I am biased on this subject, I know. Perhaps I am a bit too close to the material to form an objective opinion. But it’s all the knowledge I have that makes me appreciate it as nothing short of a miracle album. In many ways, Transgender Dysphoria Blues sounds like a wreck, because it is. For starters, it sounds like the drums were recorded and shoved in retroactively to avoid using the work of a drummer who had been relieved of his duties in the band. The bass tracks sound like Fat Mike trying his best to fill in for a member who had also abruptly relieved himself of his position. It sounds like a frontwoman doing her best with small studio resources to emulate the big-budget production skills she’d spent two albums learning from a legendary major-label producer. It sounds like that same frontwoman clinging for dear life after quitting hormones during the recording process. It sounds like a guitarist who had to pick his best friend off the floor and take her to the hospital in the middle of recording the album. It sounds like a suicide note.
But beneath the roughness, there is real beauty in Transgender Dysphoria Blues. “The ease of your pose, the grace of your silhouette.” What an opening stanza!
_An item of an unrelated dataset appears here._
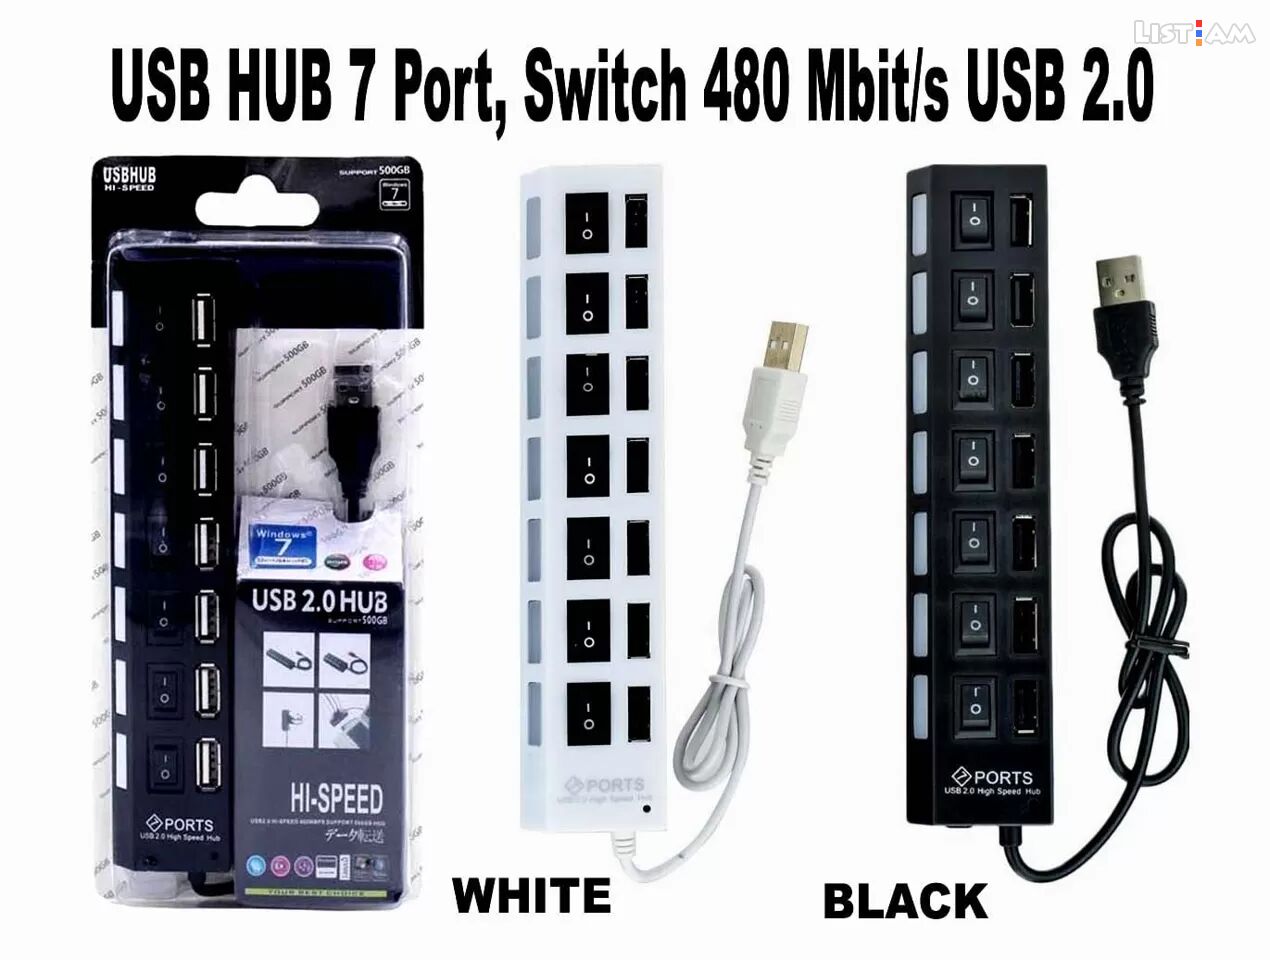 USB Hub 7 port,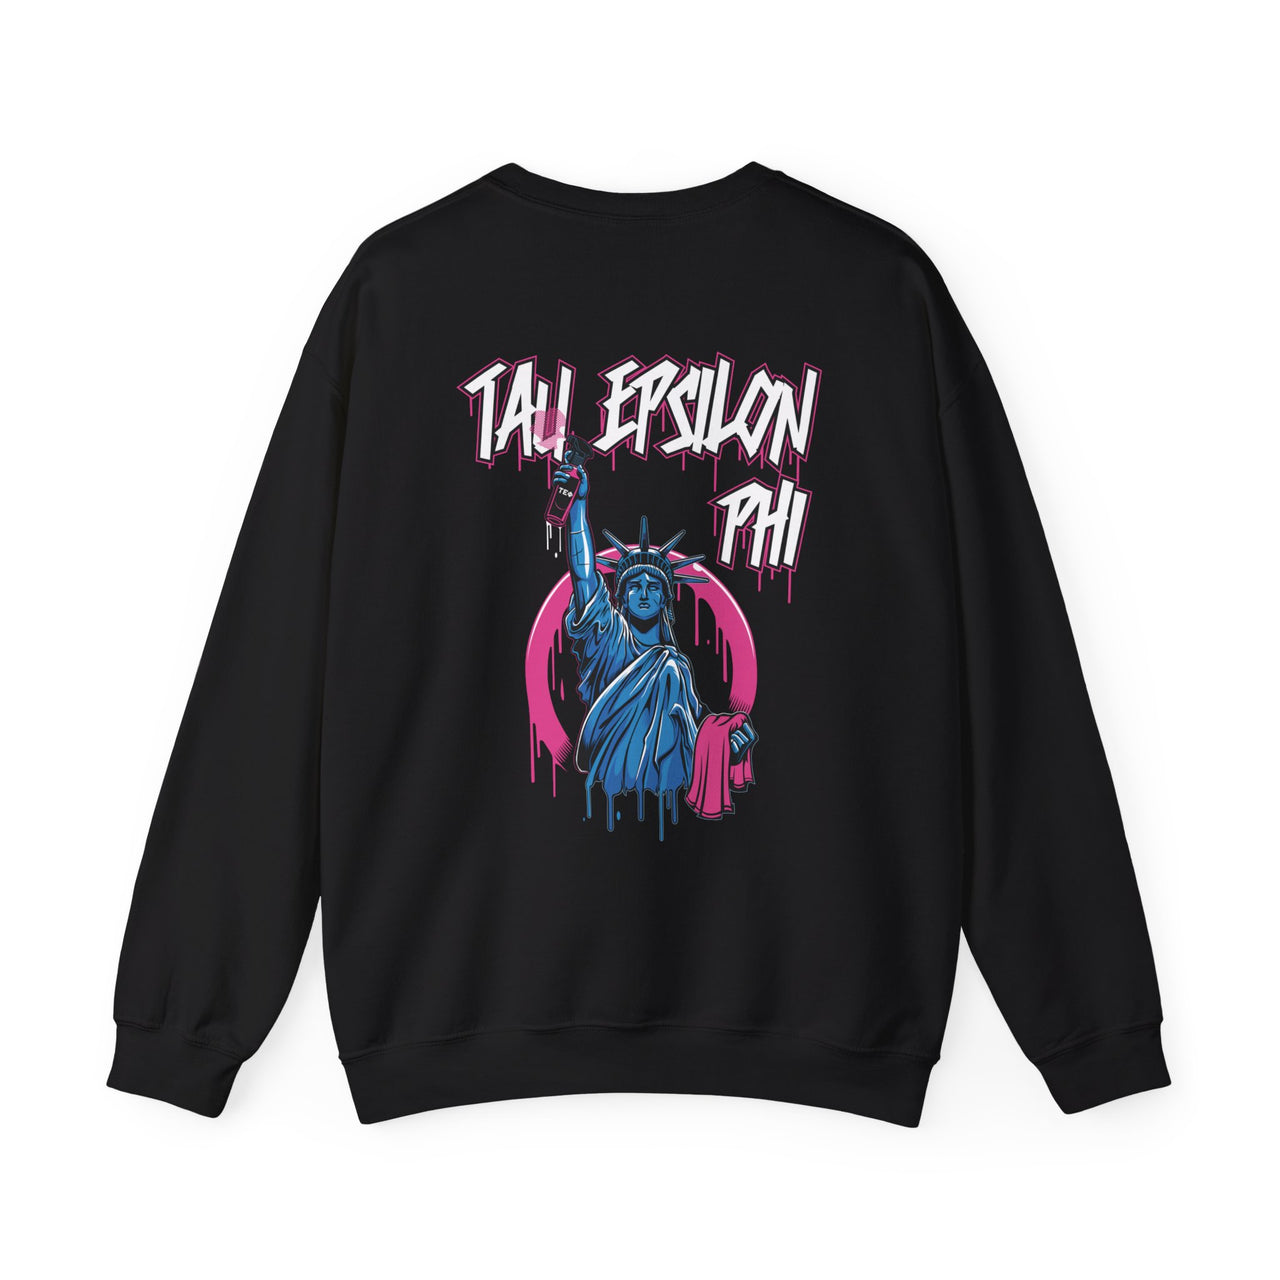 Tau Epsilon Phi Graphic Crewneck Sweatshirt | Liberty Rebel

What a description of feminine beauty that at once both conveys appreciation and envy. “Dead Friend” and “Two Coffins” is a heartwrenching one-two punch that, when combined, shifts through the stages of grief, from kicking against the finality of death to embracing it as a source of mortal appreciation.
It’s funny to me that this album proceeded Against Me!’s two Sire Records releases, on which they were swinging for a big radio single that never really came. This album has two songs—“Transgender Dysphoria Blues” and “Fuckmylife666”—that feature perfect pop hooks that might have brought them that success on the airwaves. I often wonder, if Laura was not singing what she’s singing about on these songs, if she wasn’t yelling the word “faggot” repeatedly, if she wasn’t unloading a lifetime of frustration, could these have been hit singles? I have no idea.
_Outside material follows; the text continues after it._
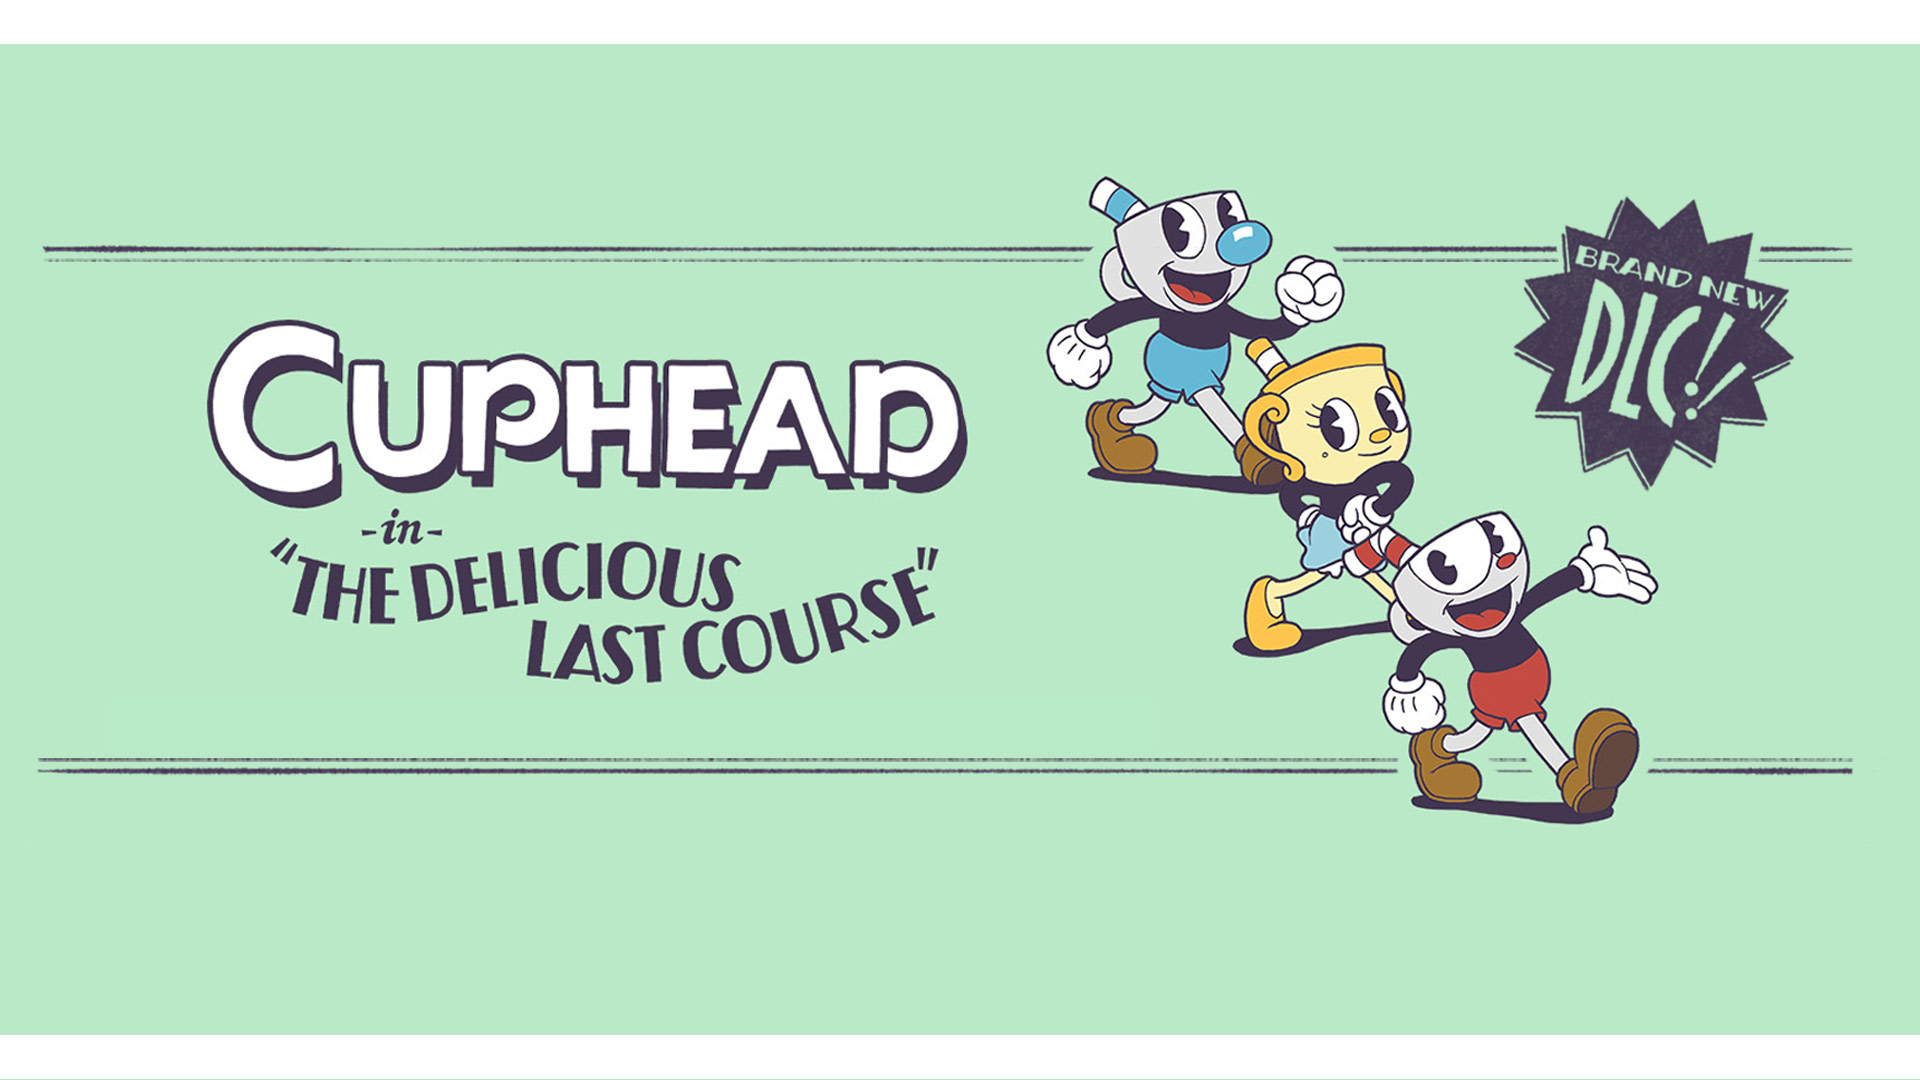 Cuphead em The delicious last course, DLC totalmente novo!, 3 personagens Cuphead posando

And then there’s “Black Me Out,” a song that has truly taken on a life of its own. I’ve seen Against Me! play it in many different cities and it’s hard to think of another song that gets the crowd response that it inevitably does. There’s something about that song that people connect with which transcends the songwriting or its author. When Laura and I were putting TR*NNY together and she told me the story of her performing it for the first time on New Year’s Eve right as the clock hit midnight, I told her she was full of shit, and that people would accuse us of embellishing. But sure enough, I did some digging and found a clip of it online, playing out exactly as she described it. People started cheering and celebrating mid-song as the clock rang in a new year, as if Laura Jane Grace as we know her was reborn right in that moment, sweaty and smiling on stage in Atlanta.
Having been born in the 80s, there is a lot of punk history I was told that I missed out on. The guy who will forever be seen as the punk posterboy died in a hotel room with his girlfriend four years before I was born. The Clash had already released five albums before I entered the world. I was four months old when Minor Threat played their last show. But I firmly believe that when the next generation comes along, it will be with pride that I will be able to boast that I remember when Transgender Dysphoria Blues came out. I’ll spin punk yarn about seeing Against Me! play “Black Me Out,” and how I watched music history change forever in real-time.